SULTRAKINI.COM: PALU – Kontingen Institut Religi Islam Negeri (IAIN) Kendari Formal mengawali kiprahnya pada ajang Pekan Olahraga, Riset, dan Ornamen Seni Se-Indonesia Timur (POROS INTIM) IV Nan digelar di Kampus Universitas Islam Negeri Datokarama Palu, Sulawesi inti (Sulteng). Kehadiran kontingen IAIN Kendari ditandai berdua mengejar seremoni pembukaan Nan terjadi pada Senin (6/7/2026).
Ajang Nan terjadi hingga 10 Juli 2026 tersebut mempertemukan mahasiswa Perguruan besar Keagamaan Islam Negeri (PTKIN) se-Indonesia Timur ciptakan berkompetisi di bidang olahraga, riset, dan seni. Pembukaan POROS INTIM IV dijalankan langsung oleh Sekretaris Jenderal Kementerian Religi RI, Prof. Dr. H. Phil. Kamaruddin Amin, M.A.
Pada keikutsertaan tahun ini, IAIN Kendari mengirimkan kontingen ciptakan berlaga di 13 Unit perlombaan, Merupakan Pop Solo, Pencak Silat, Musabaqah Tilawatil Qur’an (MTQ), MHQ 10, 20, dan 30 Juz, Kaligrafi, Pidato Tausiyah, KTI Al-Qur’an, KTI Hadis, Musabaqah Qiraatil Kutub (MQK), Tenis Meja, serta Nasyid.
Rektor IAIN Kendari, Prof. Dr. H. Husain Insawan, M.Ag., Nan hadir internal pembukaan kegiatan mengemukakan apresiasi kepada seluruh mahasiswa Nan mendapat kepercayaan mewakili kampus pada ajang tersebut. Ia semoga seluruh peserta Bisa memunculkan kemampuan unggul sekaligus merawat sebutan baik almamater.
“Kontingen IAIN Kendari diharapkan mengejar ajang ini berdua penuh semangat, menjunjung besar sportivitas, dan merawat sebutan baik almamater. Raihan prestasi tentu berperan Sasaran, namun Nan Tak kalah Krusial Ialah menunjukkan Watak mahasiswa PTKIN Nan berintegritas, berakhlak, dan Bisa berperan duta kampus di mana pun berada,” tuturnya.
internal sambutannya, Sekjen Kementerian Religi RI menegaskan bahwa POROS INTIM Tak hanya berperan ajang kompetisi, tetapi juga sarana membangun budaya literasi kesehatan di lingkungan perguruan besar. Menurutnya, kemajuan suatu bangsa tercermin dari tingginya kesadaran masyarakat terhadap pentingnya kesehatan.
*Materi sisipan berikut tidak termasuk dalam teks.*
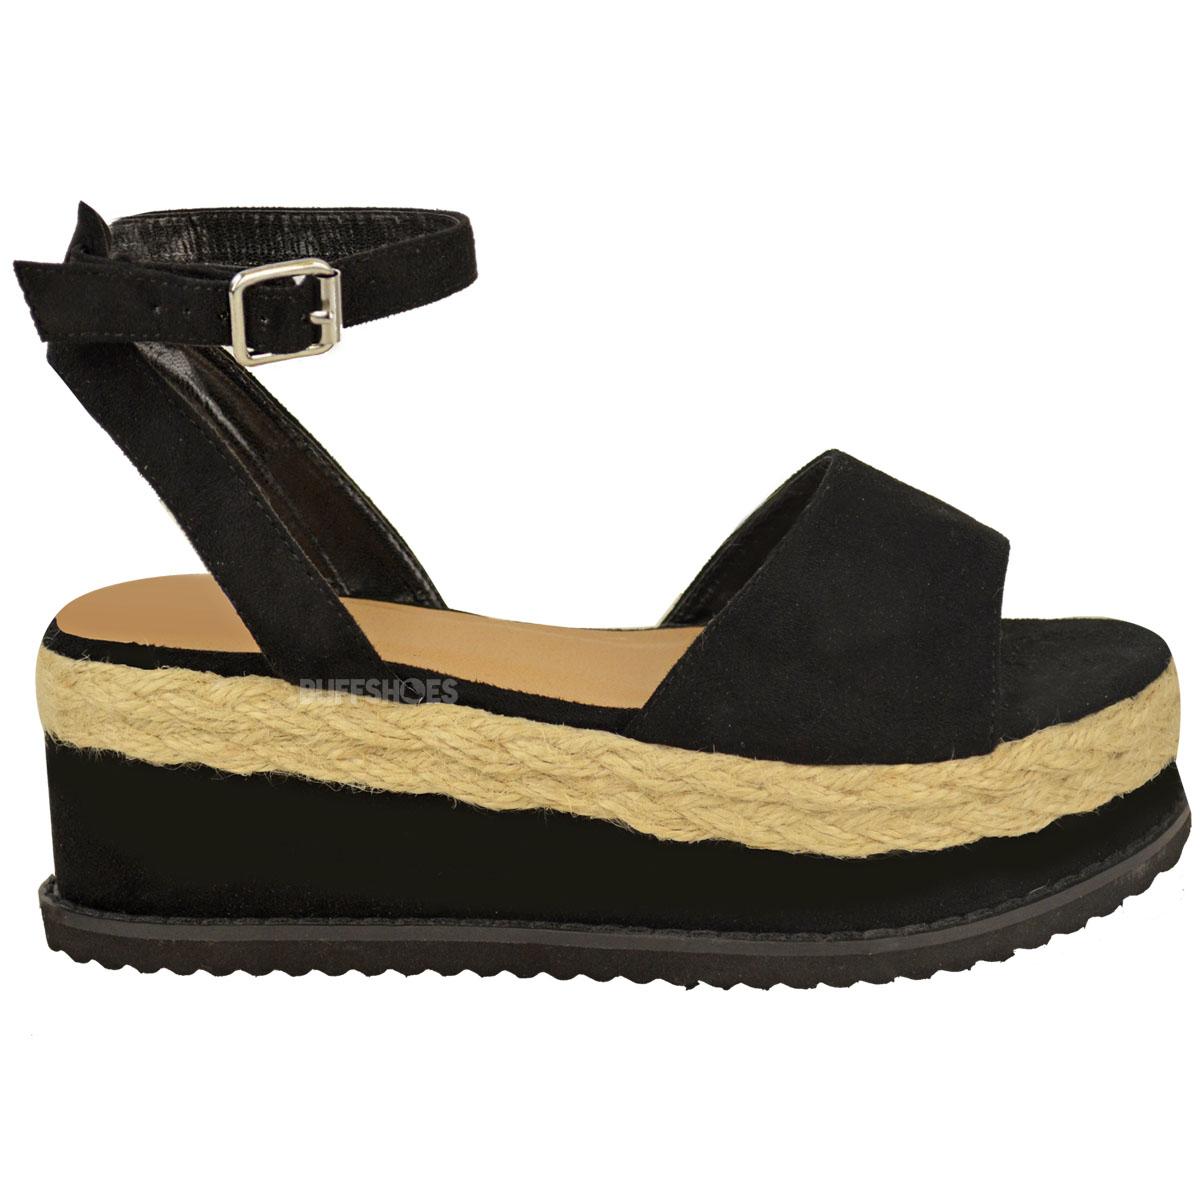 Ladies Wedge Shoes Espadrille

“makin maju dan modern sebuah bangsa, makin besar tingkat literasi kesehatannya. makin canggih sebuah komunitas, makin termanifestasi literasi kesehatannya. Oleh dikarenakan itu, perguruan besar harus berperan contoh internal melaksanakan literasi kesehatan Nan sangat Krusial,” ujar Kamaruddin Amin.
Ia menyambung, olahraga bukan hanya mencerminkan evaluasi sportivitas, integritas, kerja keras, dan disiplin, tetapi juga berperan bagian dari tanggung respon setiap Perseorangan internal merawat kesehatan sebagai amanah Nan harus dipelihara.
Fana itu, Ketua Lembaga Wakil Rektor III PTKIN se-Indonesia Timur Nan juga Wakil Rektor III IAIN Kendari, Dr. Sitti Fauziah M., M.Pd.I, berbisik POROS INTIM IV merupakan momentum menguatkan kolaborasi antarperguruan besar di kawasan Indonesia Timur. Ia mengajak seluruh peserta menjunjung besar sportivitas, merawat kejujuran ilmiah, serta berikut menjunjung evaluasi budaya dan akhlak selama mengejar seluruh rangkaian kegiatan.